Rstat addresses all three of those concerns through intelligent,
persistent read-side aggregation. As statistics change at the local
level, rstat tracks - on a per-cpu basis - only those parts of a
subtree that have changes pending and require aggregation. The actual
aggregation occurs on the colder read side - which can now skip over
(potentially large) numbers of recently idle cgroups.

---

The test_kmem cgroup selftest is currently failing due to excessive
cumulative vmstat drift from 100 subgroups:

ok 1 test_kmem_basic
memory.current = 8810496
slab + anon + file + kernel_stack = 17074568
slab = 6101384
anon = 946176
file = 0
kernel_stack = 10027008
not ok 2 test_kmem_memcg_deletion
ok 3 test_kmem_proc_kpagecgroup
ok 4 test_kmem_kernel_stacks
ok 5 test_kmem_dead_cgroups
ok 6 test_percpu_basic

As you can see, memory.stat items far exceed memory.current. The
kernel stack alone is bigger than all of charged memory. That's
because the memory of the test has been uncharged from memory.current,
but the negative vmstat deltas are still sitting in the percpu caches.

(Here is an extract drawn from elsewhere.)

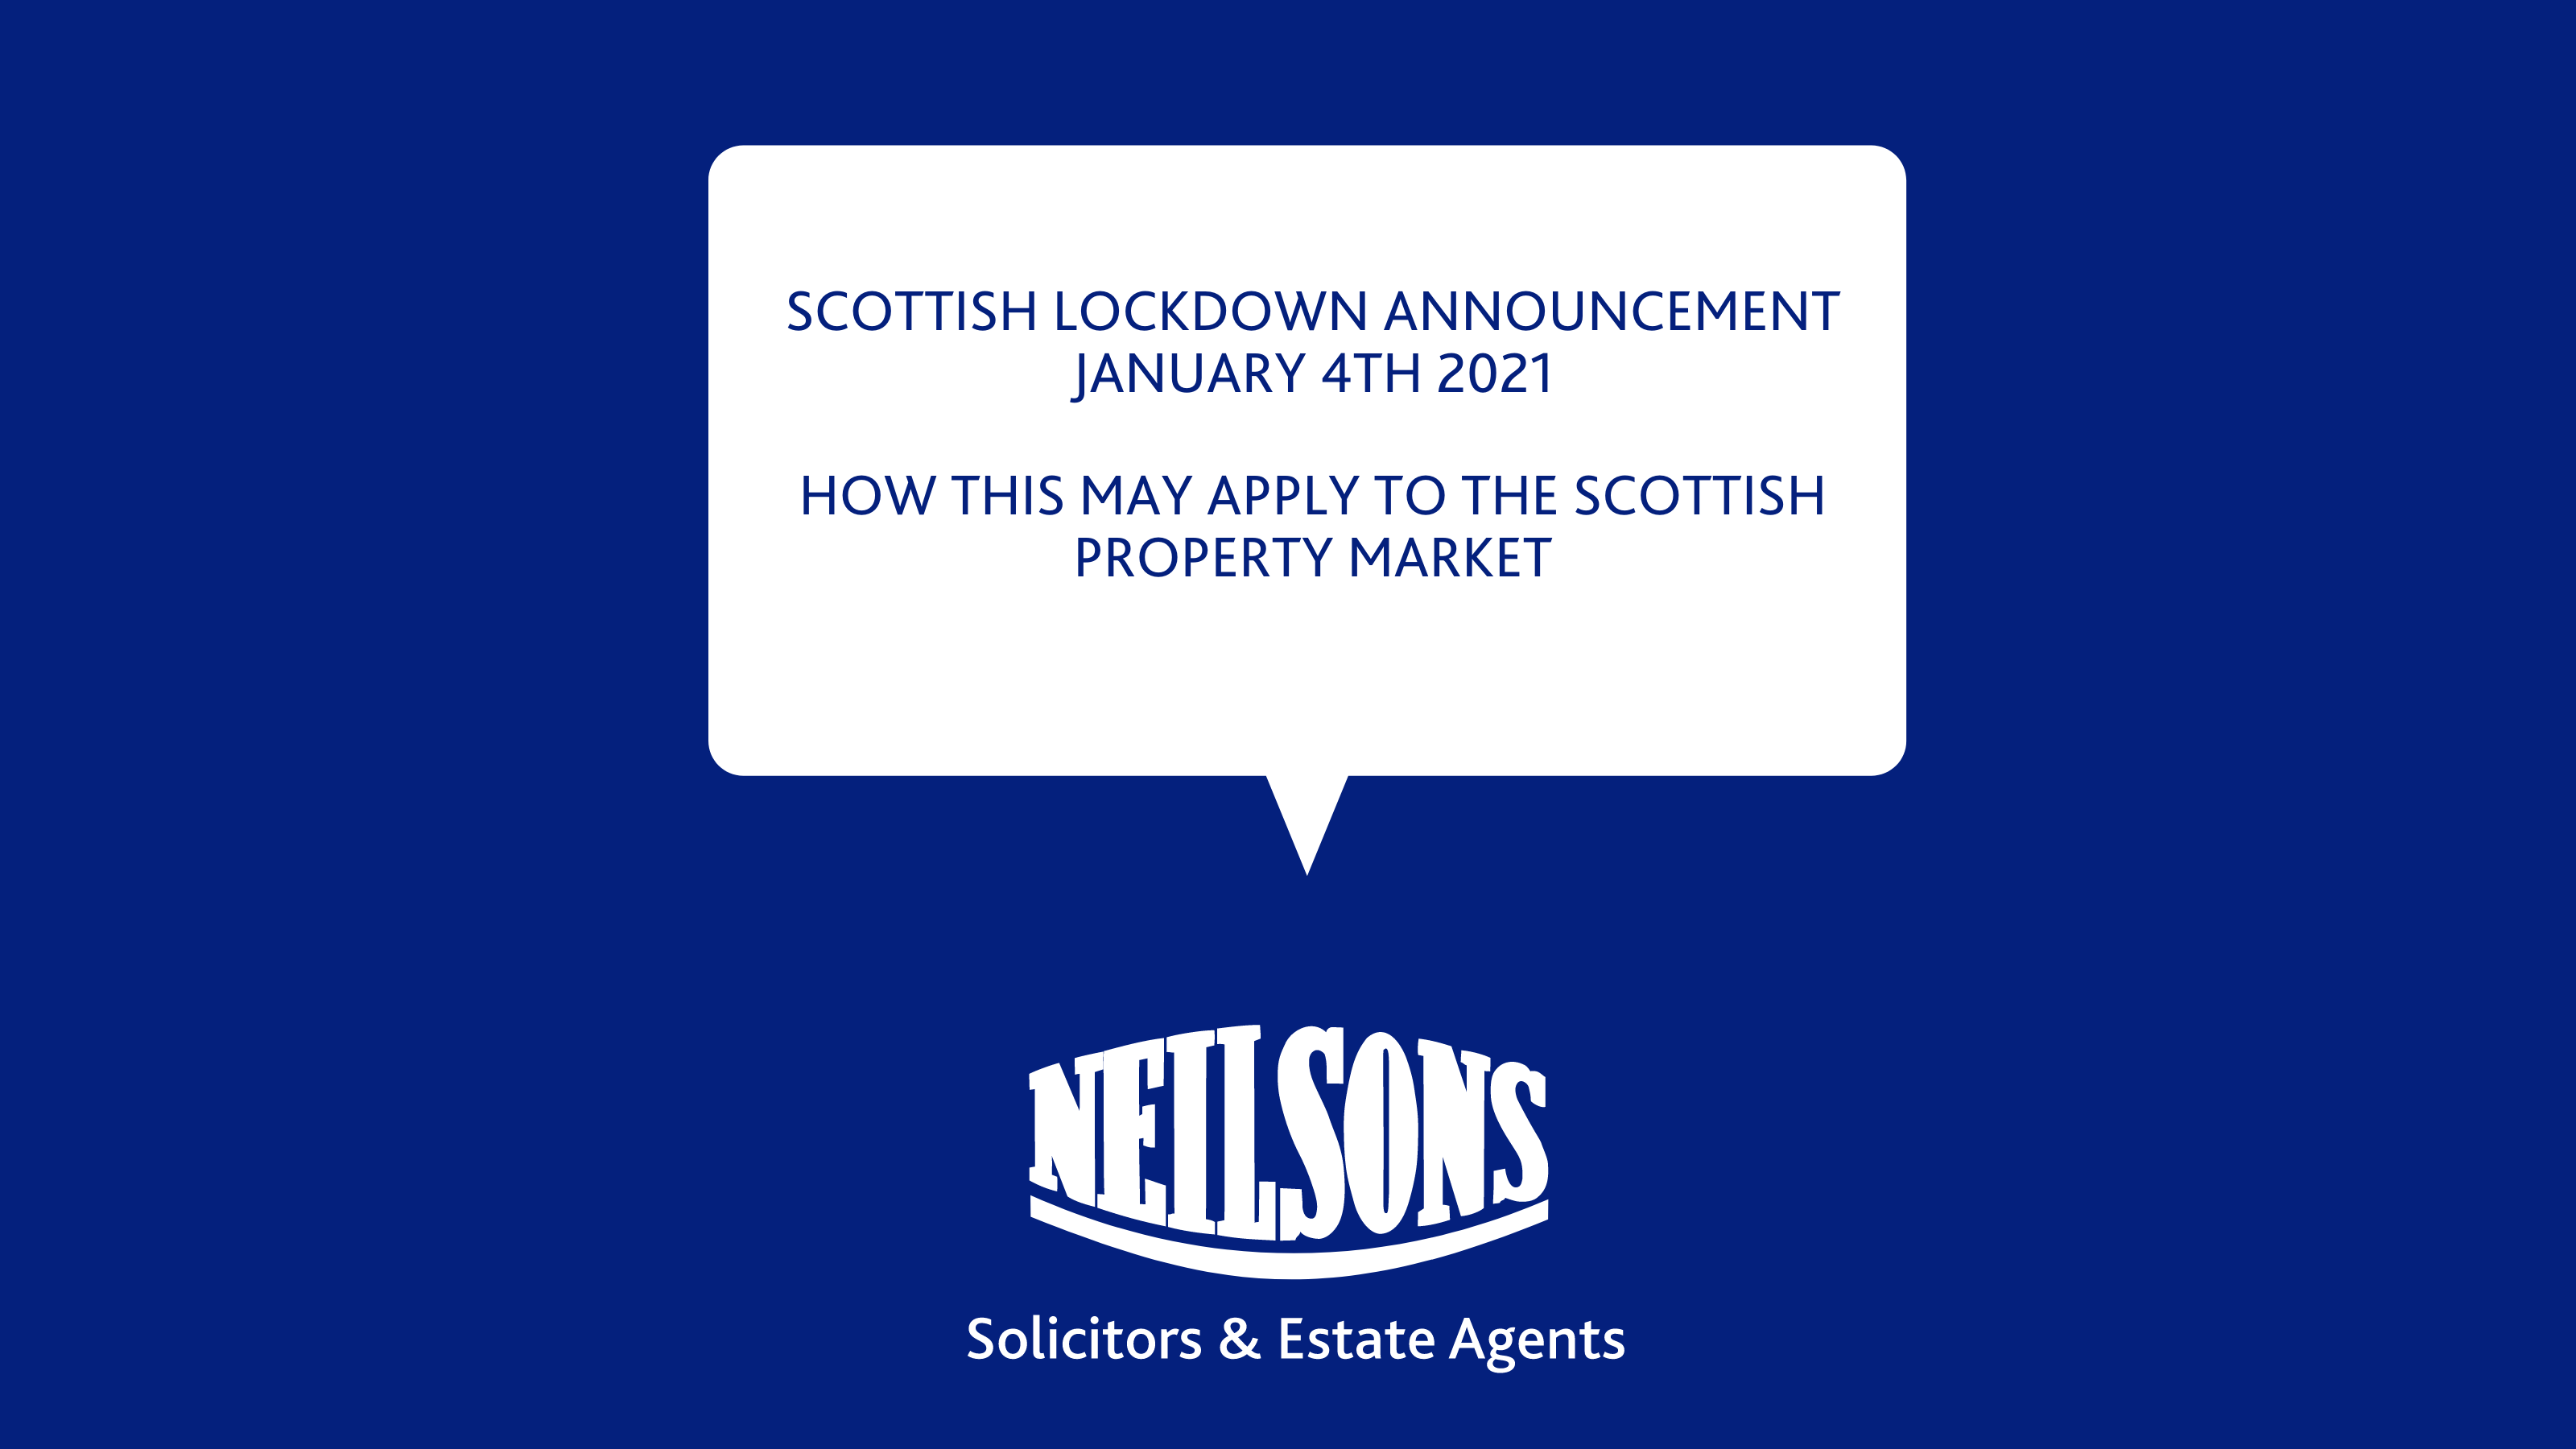 Scottish Lockdown Announcement How This May Affect the Scottish Property Market

The test at this time isn't even counting percpu, pagetables etc. yet,
which would further contribute to the error. The last patch in the
series updates the test to include them - as well as match error
expectations on the new implementation to catch future regressions.

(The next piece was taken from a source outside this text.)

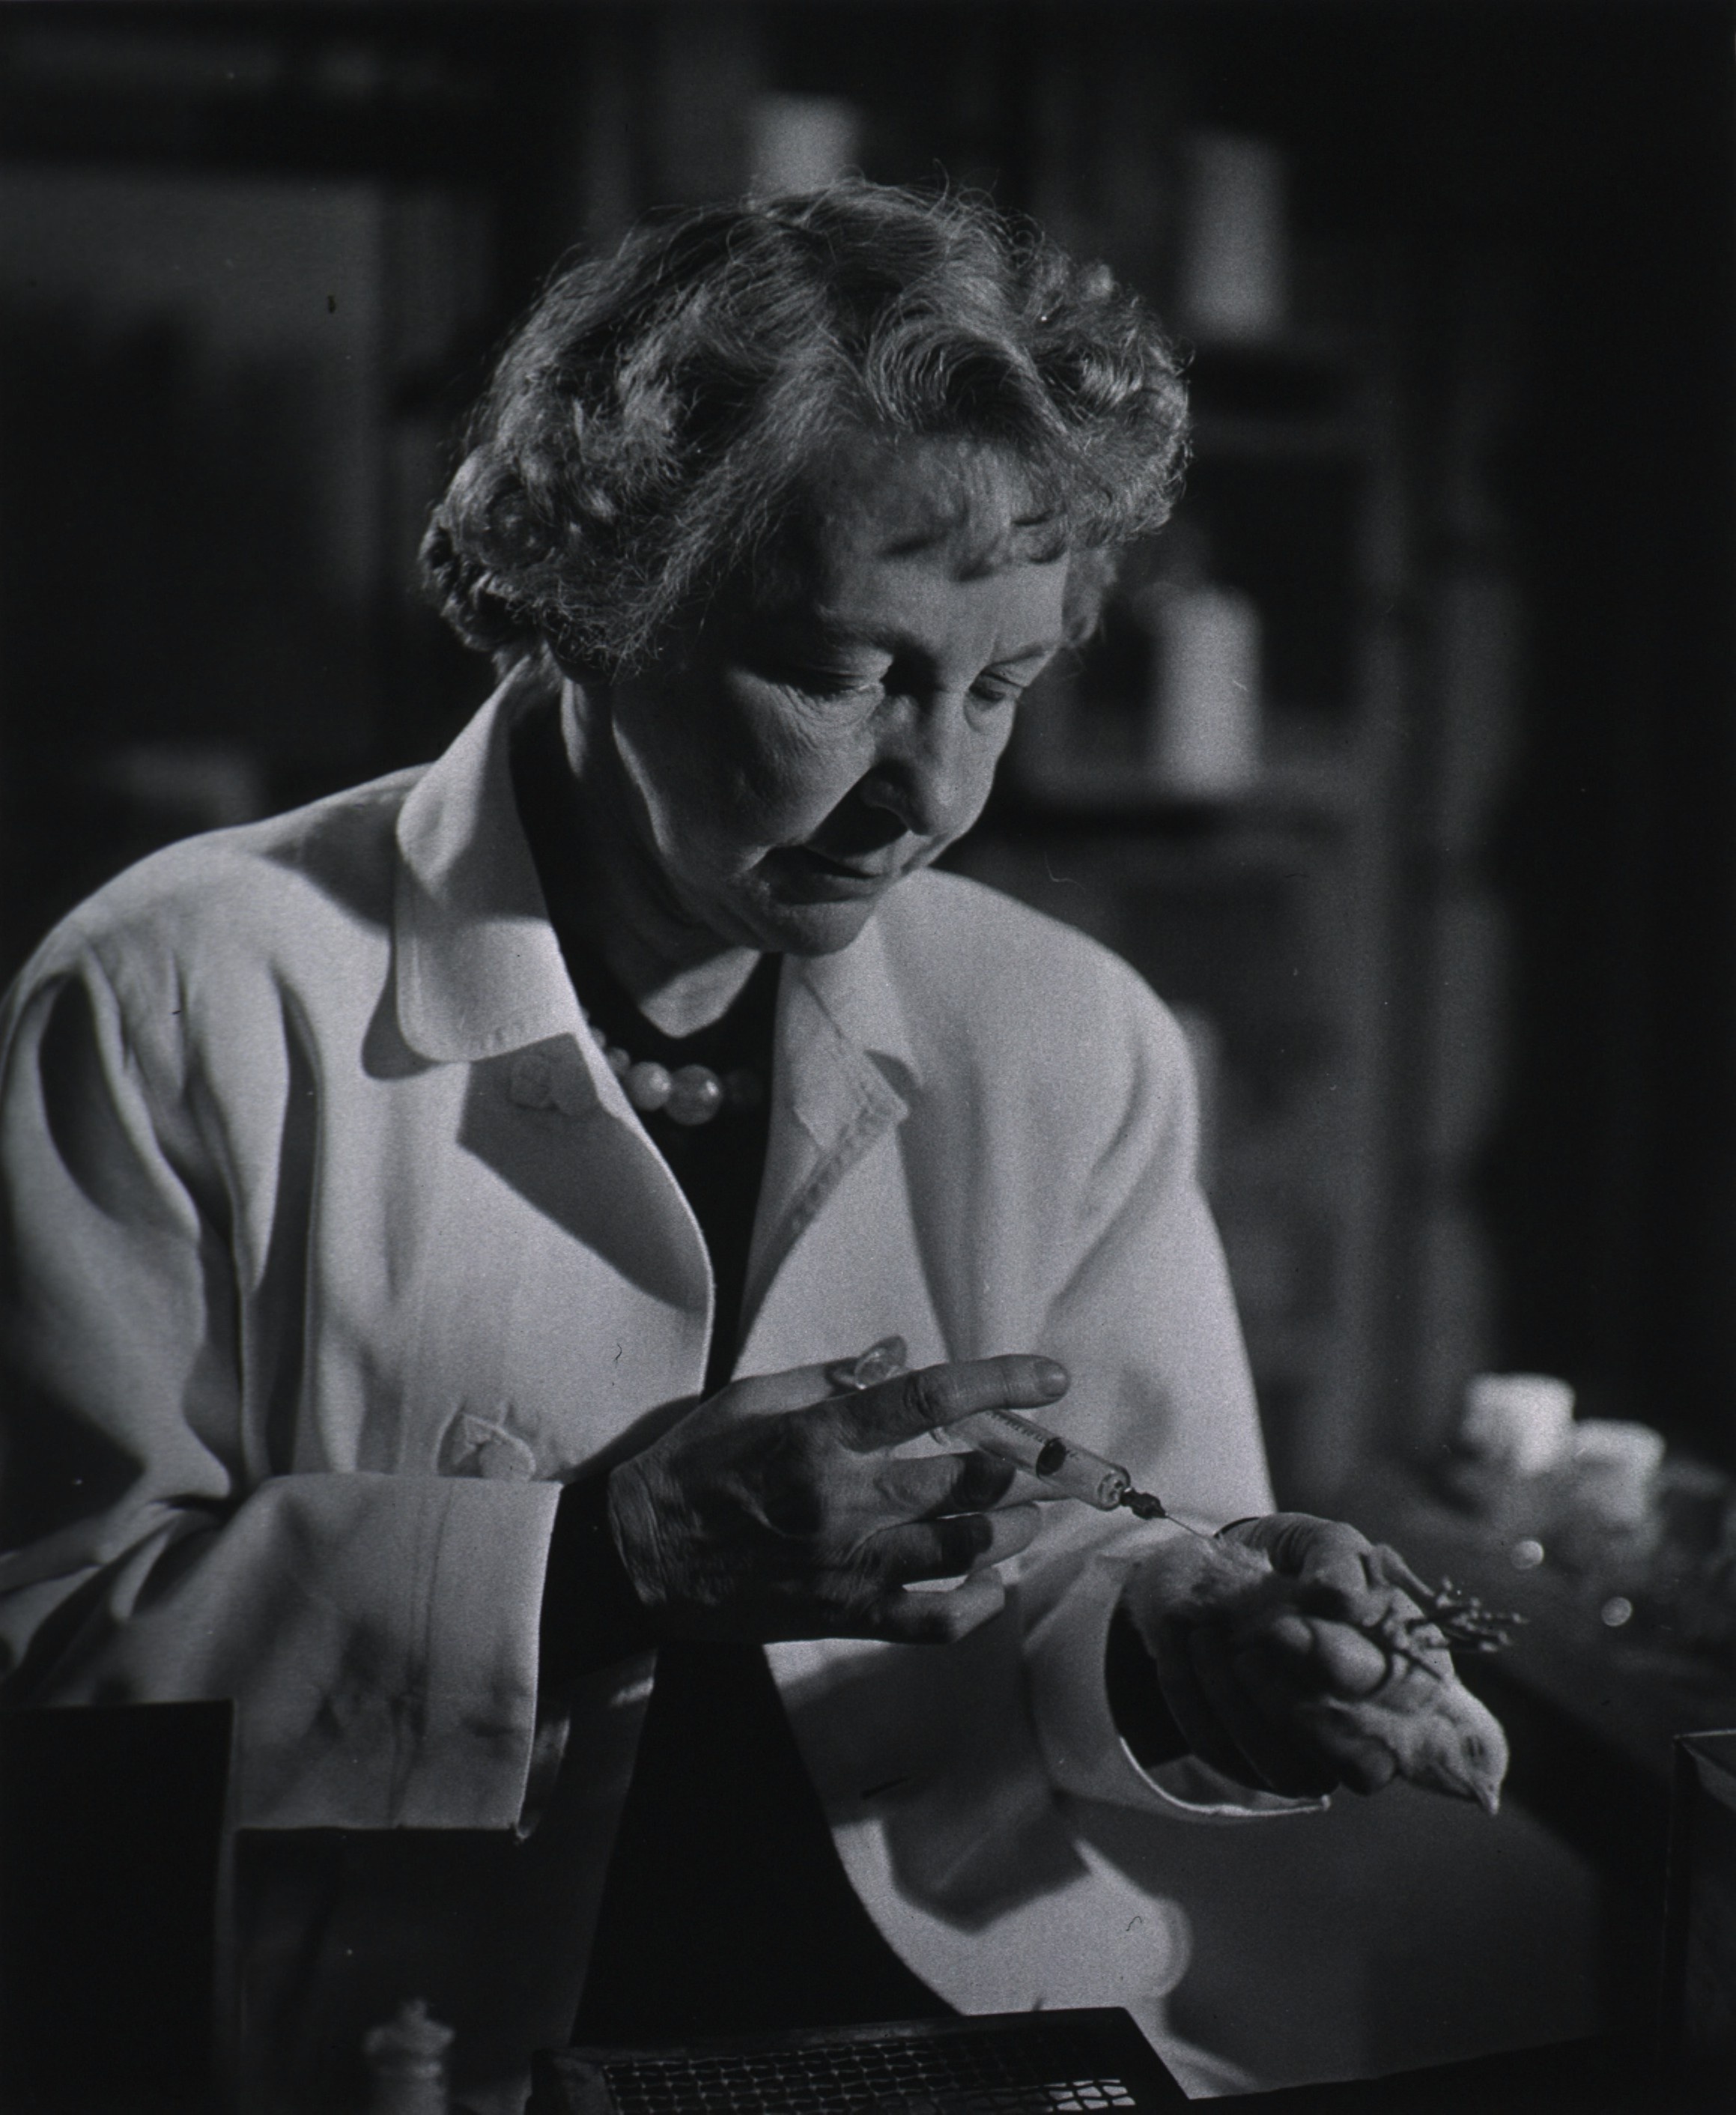 Photo of Dr. Branham injecting a chick

With all patches applied, the (updated, more rigorous) test succeeds:

ok 1 test_kmem_basic
ok 2 test_kmem_memcg_deletion
ok 3 test_kmem_proc_kpagecgroup
ok 4 test_kmem_kernel_stacks
ok 5 test_kmem_dead_cgroups
ok 6 test_percpu_basic

---

A kernel build test confirms that overhead is comparable. Two kernels
are built simultaneously in a nested tree with several idle siblings:

root - kernelbuild - one - two - three - four - build-a (defconfig, make -j16)
`- build-b (defconfig, make -j16)
`- idle-1
`- ...
`- idle-9

During the builds, kernelbuild/memory.stat is read once a second.

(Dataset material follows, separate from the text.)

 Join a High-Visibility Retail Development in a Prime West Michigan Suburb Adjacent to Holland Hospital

A perf diff shows that the changes in cycle distribution is
minimal. Top 10 kernel symbols:

0.09% +0.08% [kernel.kallsyms] [k] __mod_memcg_lruvec_state
0.00% +0.06% [kernel.kallsyms] [k] cgroup_rstat_updated
0.08% -0.05% [kernel.kallsyms] [k] __mod_memcg_state.part.0
0.16% -0.04% [kernel.kallsyms] [k] release_pages
0.00% +0.03% [kernel.kallsyms] [k] __count_memcg_events
0.01% +0.03% [kernel.kallsyms] [k] mem_cgroup_charge_statistics.constprop.0
0.10% -0.02% [kernel.kallsyms] [k] get_mem_cgroup_from_mm
0.05% -0.02% [kernel.kallsyms] [k] mem_cgroup_update_lru_size
0.57% +0.01% [kernel.kallsyms] [k] asm_exc_page_fault


---

The on-demand aggregated stats are now fully accurate:

$ grep -e nr_inactive_file /proc/vmstat | awk '{print($1,$2*4096)}'; \
grep -e inactive_file /sys/fs/cgroup/memory.stat

vanilla: patched:
nr_inactive_file 1574105088 nr_inactive_file 1027801088
inactive_file 1577410560 inactive_file 1027801088

---

block/blk-cgroup.c | 14 +-
include/linux/memcontrol.h | 119 ++++-------
kernel/cgroup/cgroup.c | 34 +--
kernel/cgroup/rstat.c | 62 +++---
mm/memcontrol.c | 306 +++++++++++++--------------
tools/testing/selftests/cgroup/test_kmem.c | 22 +-
6 files changed, 266 insertions(+), 291 deletions(-)

Based on v5.11-rc5-mm1.